Spiles (taps) can be found at mom & pop type hardware stores. There is a lawn/garden supply in downtown Ann Arbor (5th Avenue maybe, the street that is one block west of Main St.) that has them. 

I like my pancakes swimming in the stuff, literally soggy with syrup!


----------



## Fishndude (Feb 22, 2003)

I have to admit that my favorite way to have some syrup is just to take spoonfuls while is it hot and fresh - right before I can it. It just doesn't get any better than that. I haven't had any production in the last couple days - it just hasn't been sunny. But I still am cooking the first slug of sap I got - probably have enough to can 2 pints; but I will wait until it at least makes sense to can some - a gallon or two.


----------



## dugal (Aug 17, 2006)

We tapped half a dozen a couple years ago, got about a quart that boiled down to... well, you know, not much but we were hooked. I now have 2 dozen SPILES and have identified as many nice sugar maples on my Cheboygan Co. property. With weather patterns the way they are this season when do you think a good time to start tapping would be?

Doug


----------



## kroppe (May 7, 2000)

Start now!

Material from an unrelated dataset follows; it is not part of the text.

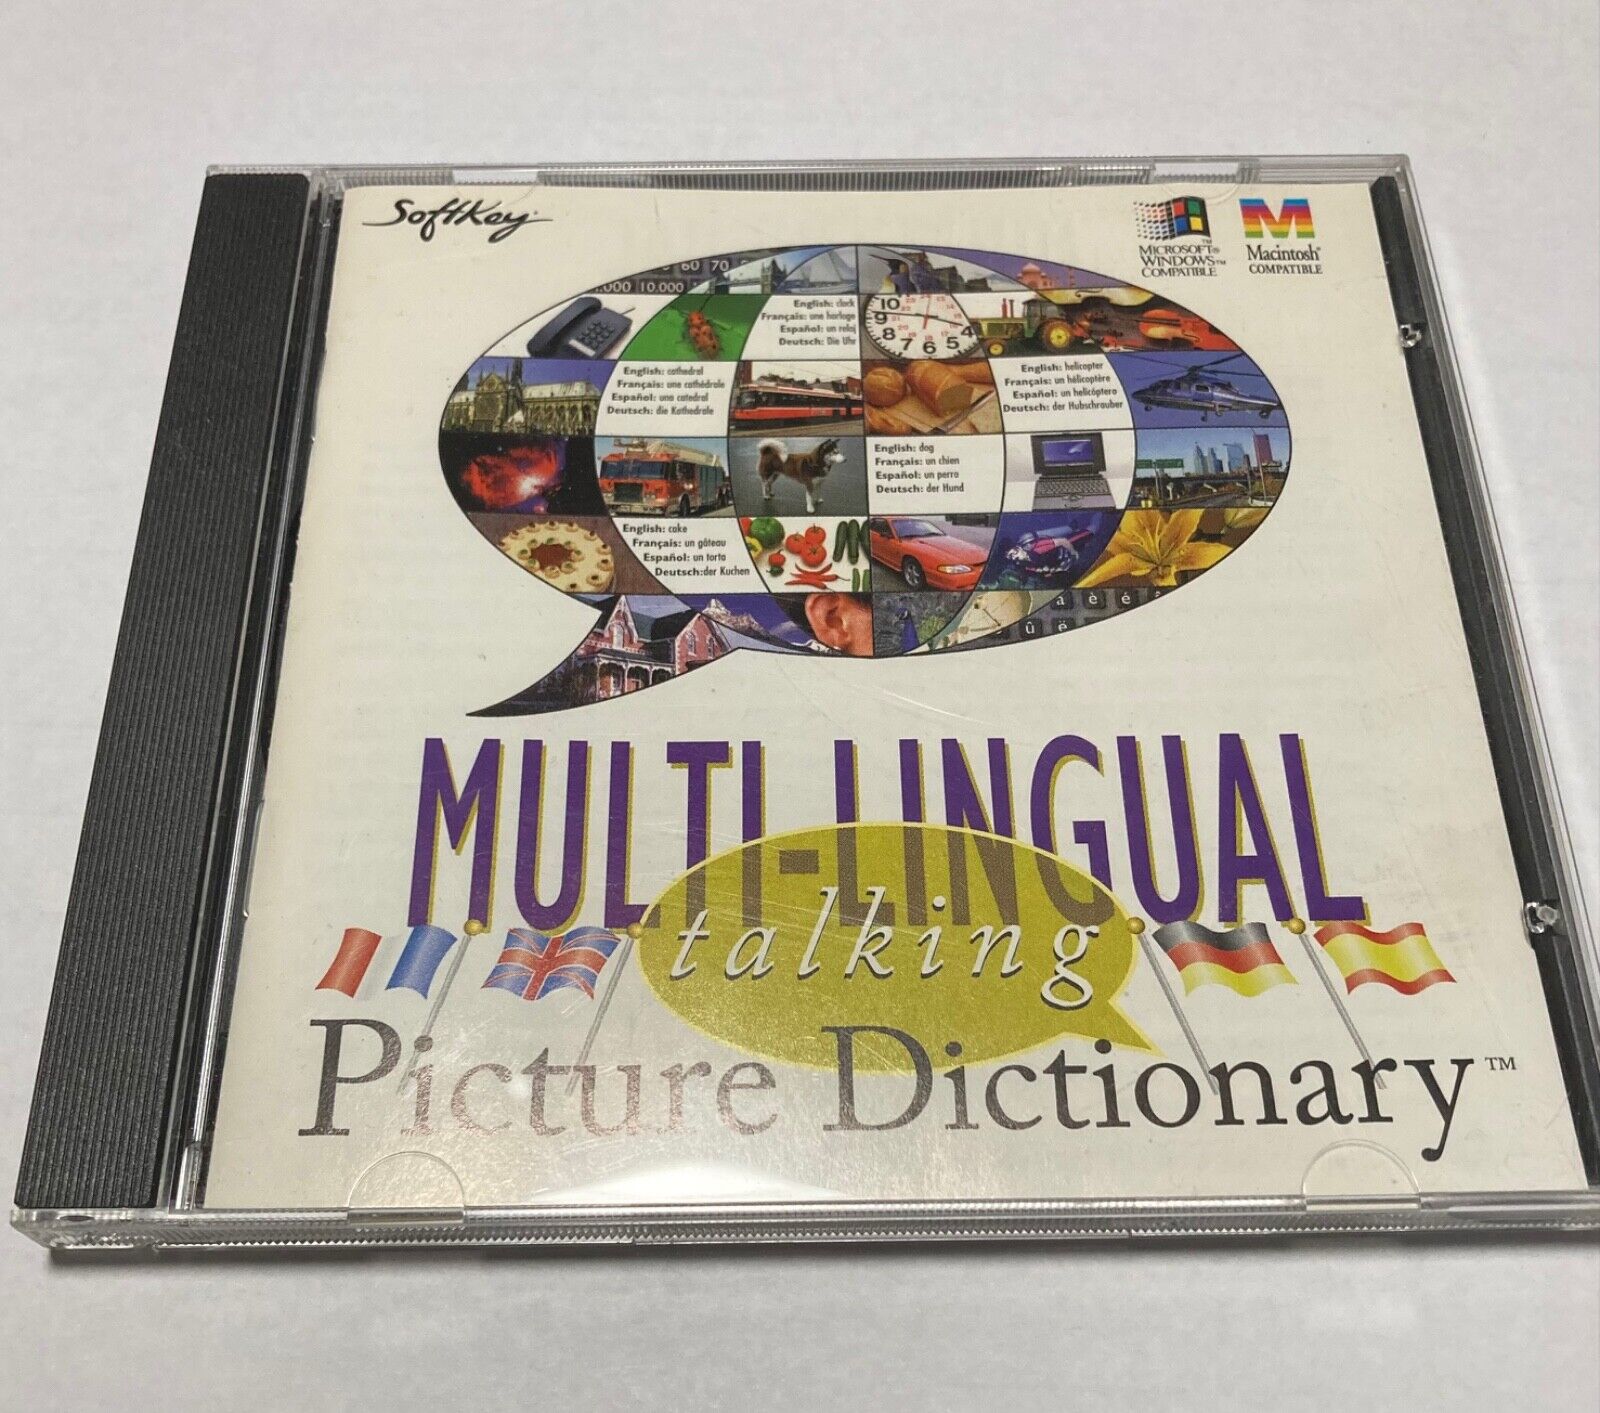 Multi-lingual talking picture dictionary CD-ROM for Windows and MacIntosh

You can't tap too early, but you can tap too late. Too early and the worst that happens is you get low amounts of sap. Too late and you get bitter sap, as the trees start to bud.


----------



## Backwoods-Savage (Aug 28, 2005)

Once the buds start to open it is time to pull the buckets!

I like to drink the syrup when it is about 3/4 done. Best tasting tea you'll ever have. 

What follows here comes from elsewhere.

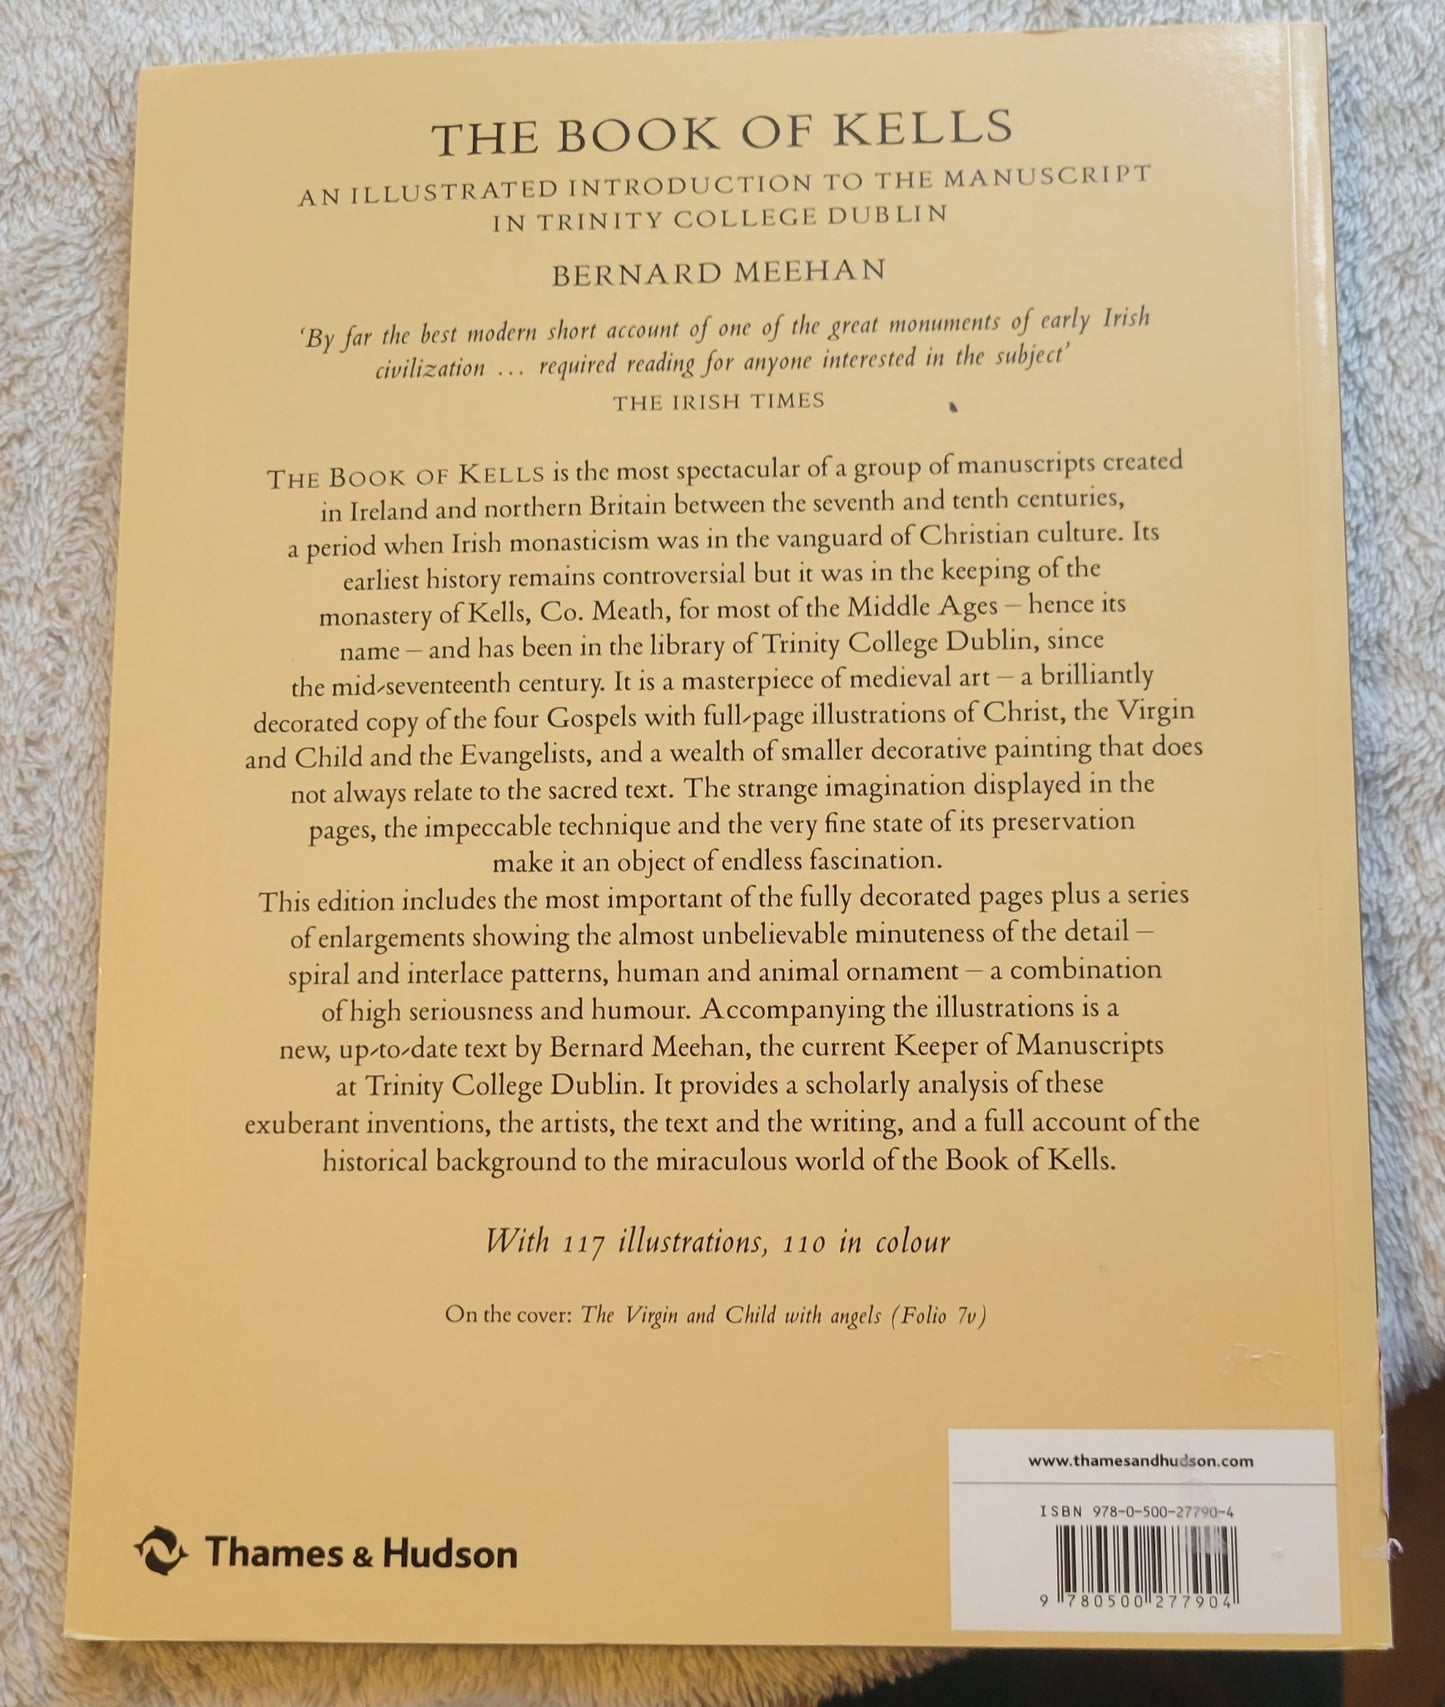  Used book for sale "The Book of Kells: An Illustrated Introduction to the Manuscript in Trinity College Dublin" by Bernard Meehan, published by Thames & Hudson, Ltd, copyright 1994, reprint in 2013. Back cover.

Yes I agree that the hoses are the best thing. Years ago not many did it but it surely makes a huge difference! You don't pick up other crap, it stays out of the rain etc. A huge plus is if your land slopes so you can run the taps into a big hose with a big collector at the bottom of the hill. Saves much work.


----------



## Fishndude (Feb 22, 2003)

In order for sap to run, it has to be above freezing in the daytime, and below freezing at night. When the ground is first thawing (and is still frozen), you might get sap continuously if it stays a few degrees above freezing overnight. Once the ground thaws, if the temp stays above freezing for a couple of days, the sap will stay in the tree, and will not drip any longer. You have to get it while it is flowing upward during the daytime, and flowing back downward at night. The upward flow in the daytime is what produces a good flow.


----------



## Gander Club (Dec 31, 2004)

The tree I have tapped is running like crazy today. It's 40 to 41 degrees right now. It's time!


----------